Output the line containing "حمله تروریستی بارسلونا | تگ" and each line after it through the end of the data, exactly as written, with pictures left out.

### Data
·····

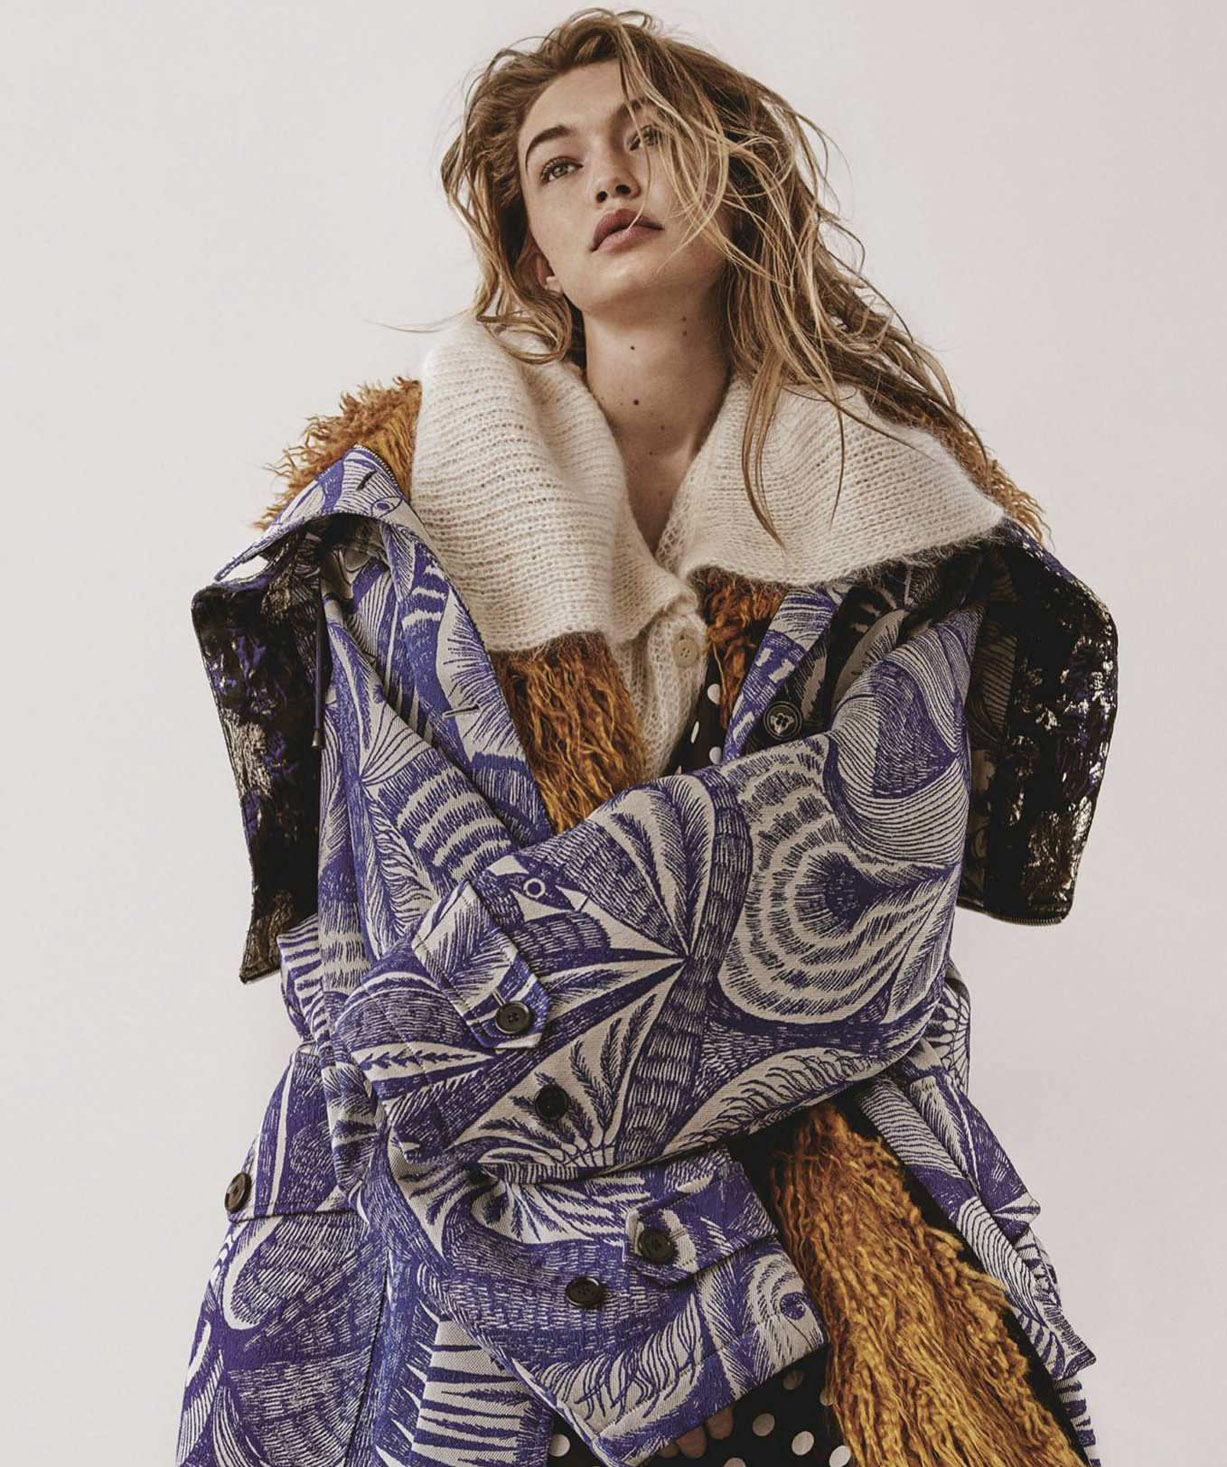 Cool Change / Gigi Hadid by Giampaolo Sgura / Vogue Australia july 2018
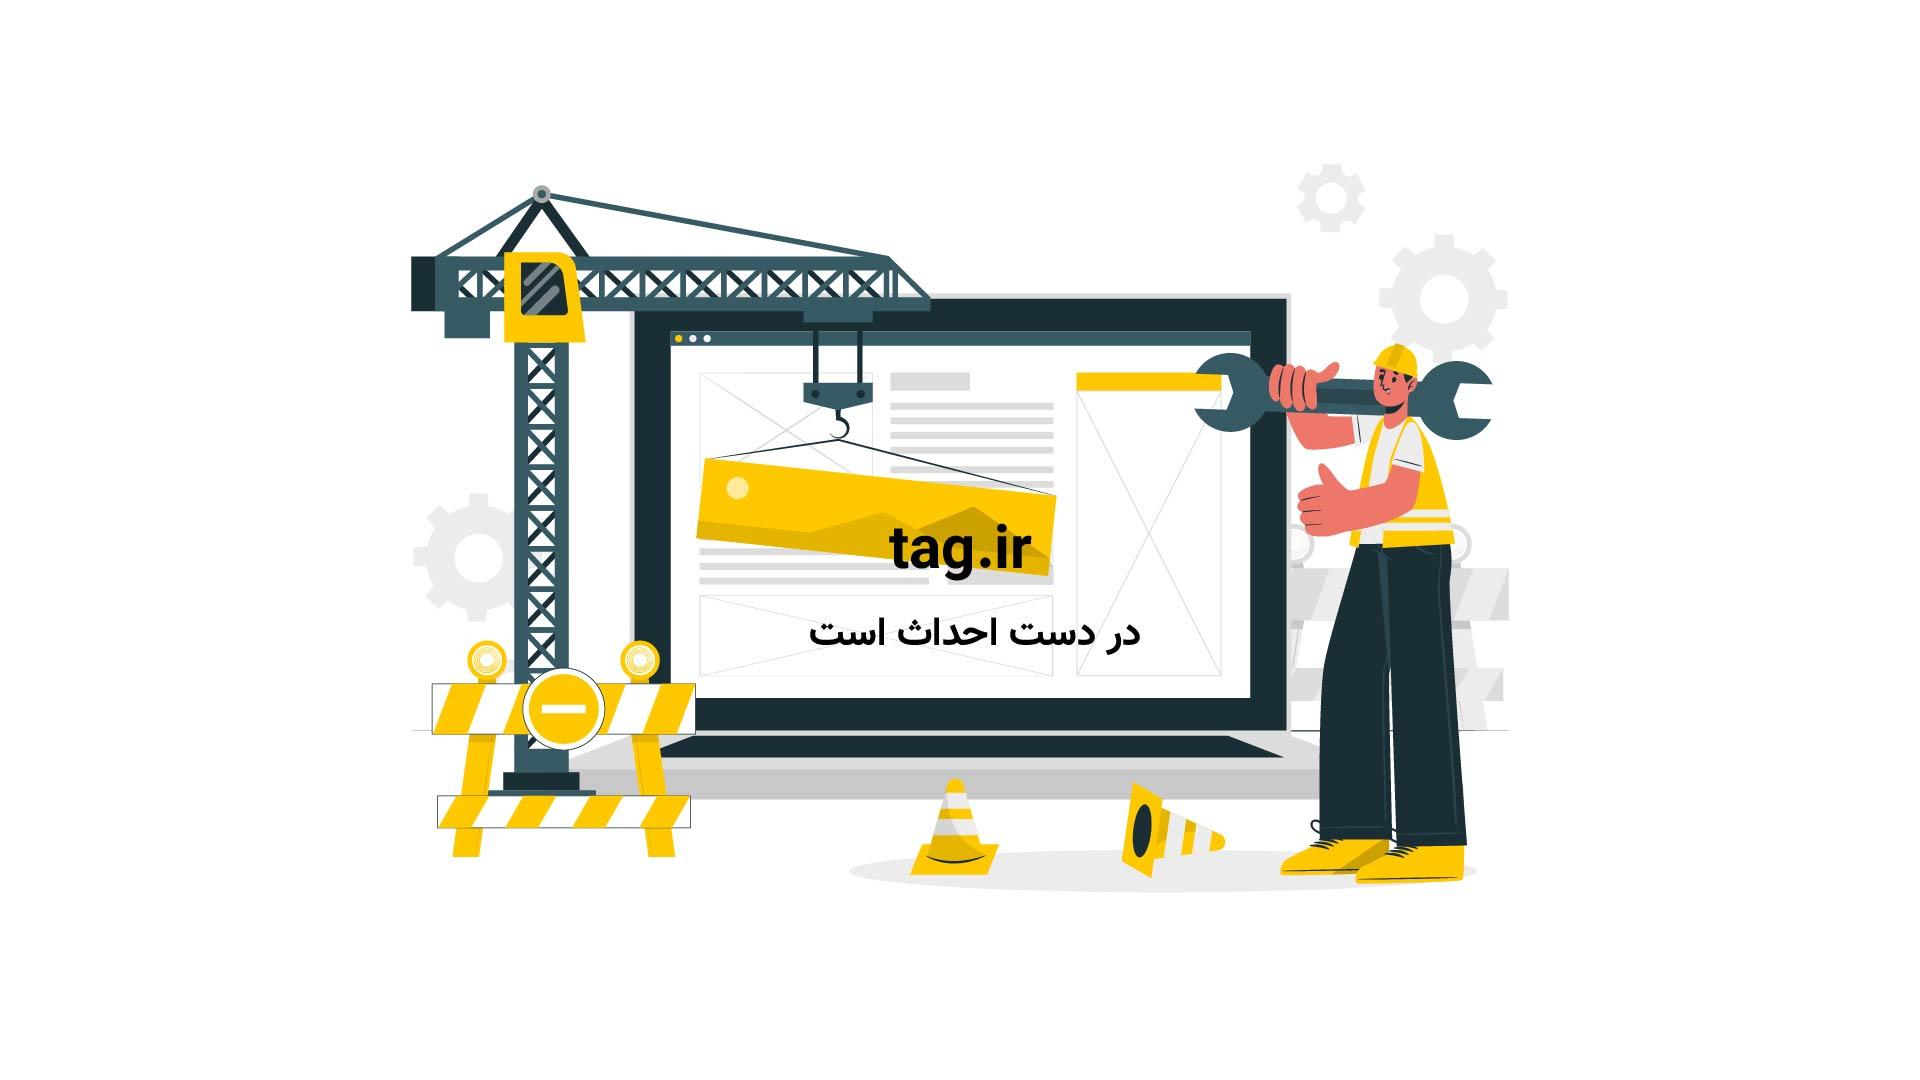 حمله تروریستی بارسلونا | تگ
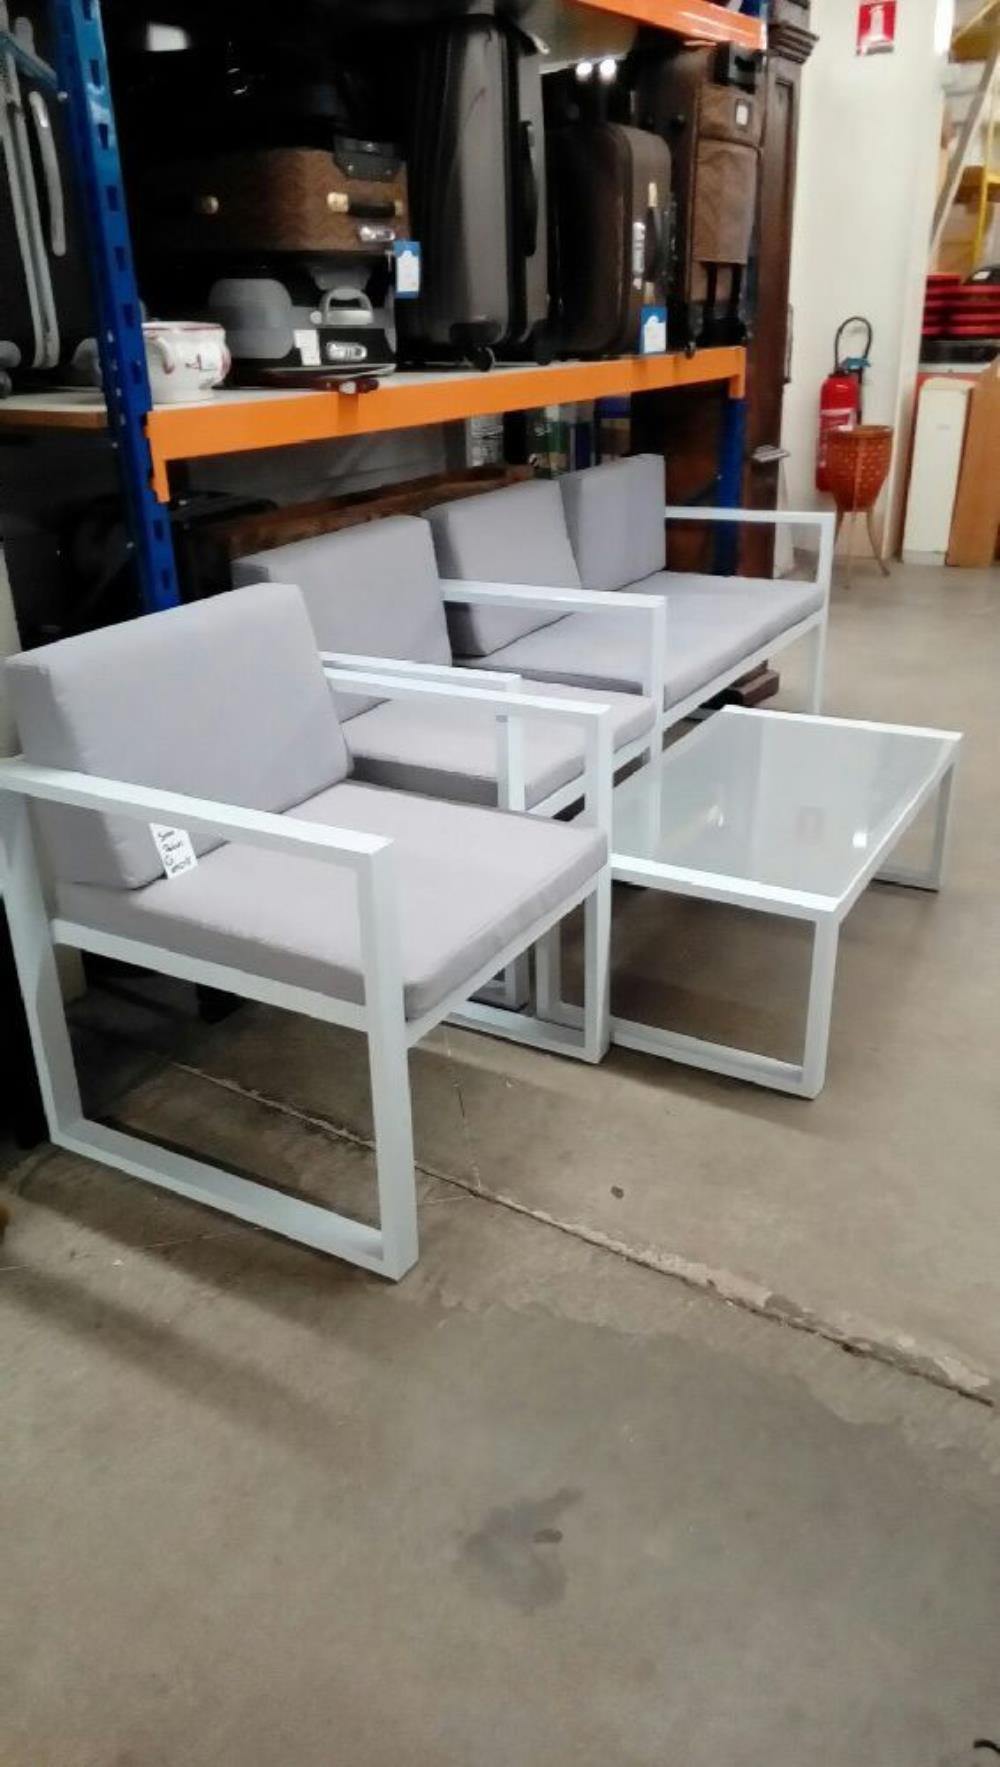 salon de jardin 86917 palaos 4elements occasion troc nancy. Black Bedroom Furniture Sets. Home Design Ideas
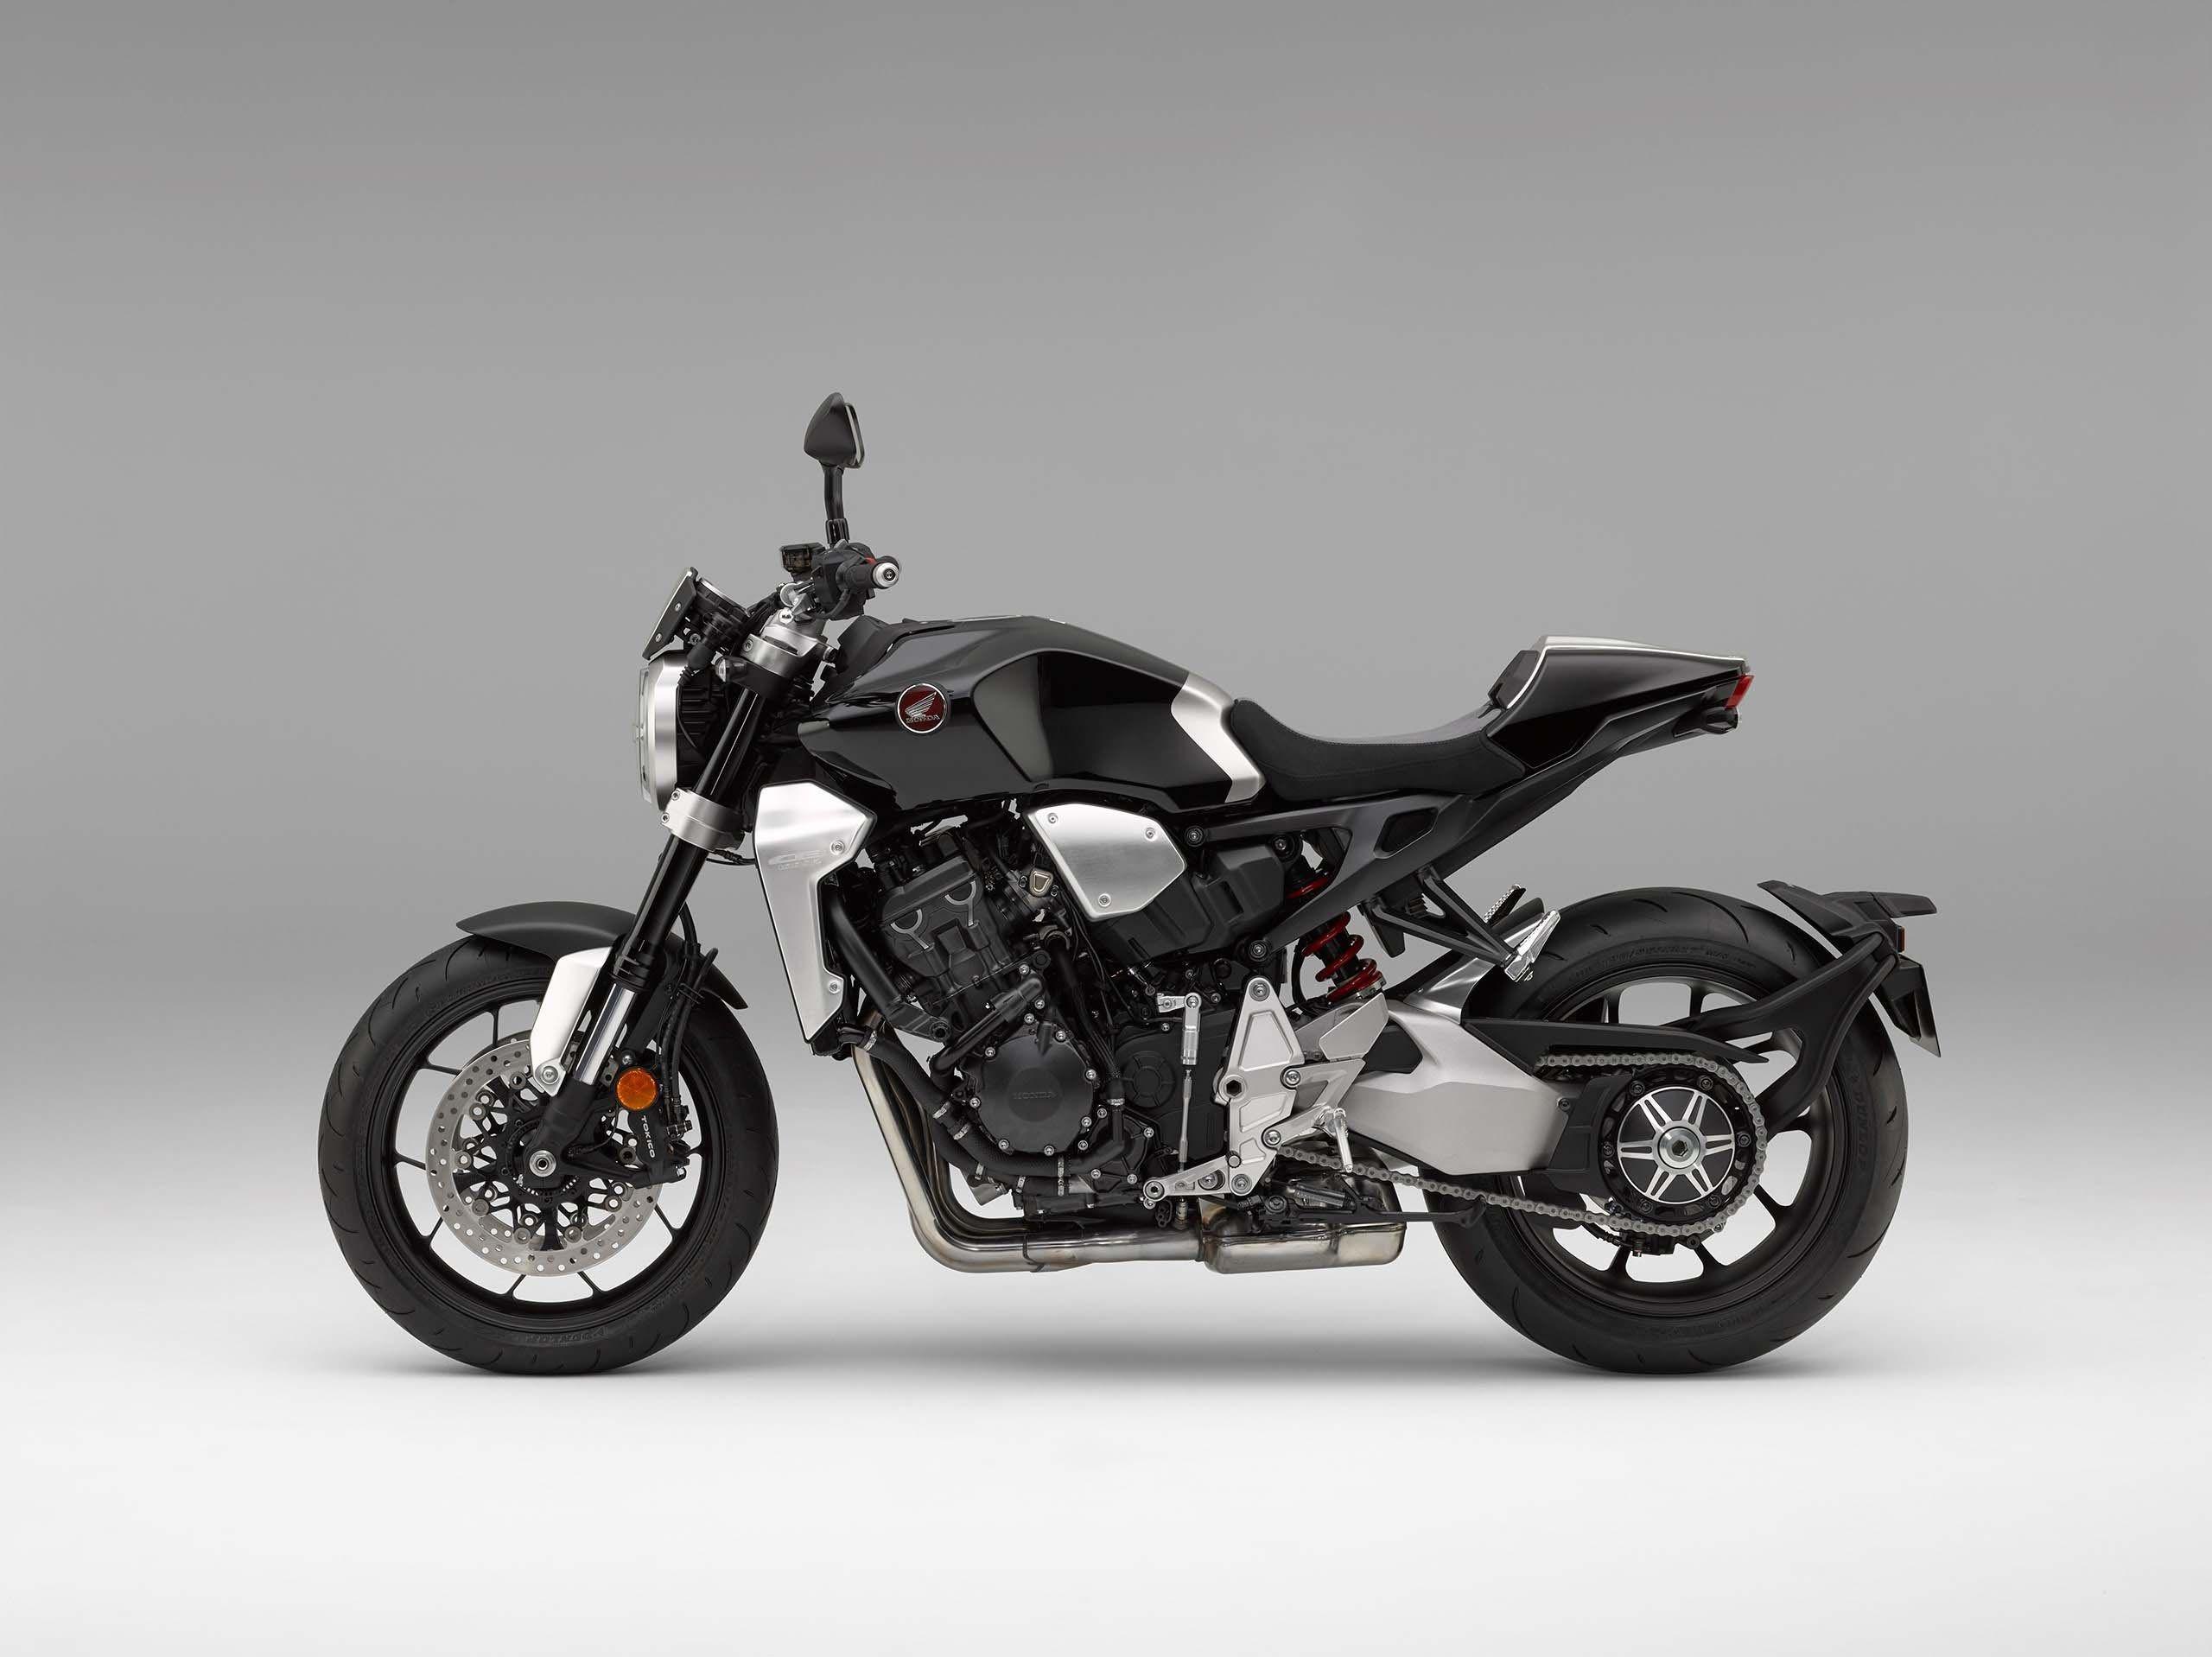 New Honda Cb1000r 2018 Honda Cb Futuristic Motorcycle Retro Motorcycle

·····

### Solution below
 حمله تروریستی بارسلونا | تگ
 salon de jardin 86917 palaos 4elements occasion troc nancy. Black Bedroom Furniture Sets. Home Design Ideas
 New Honda Cb1000r 2018 Honda Cb Futuristic Motorcycle Retro Motorcycle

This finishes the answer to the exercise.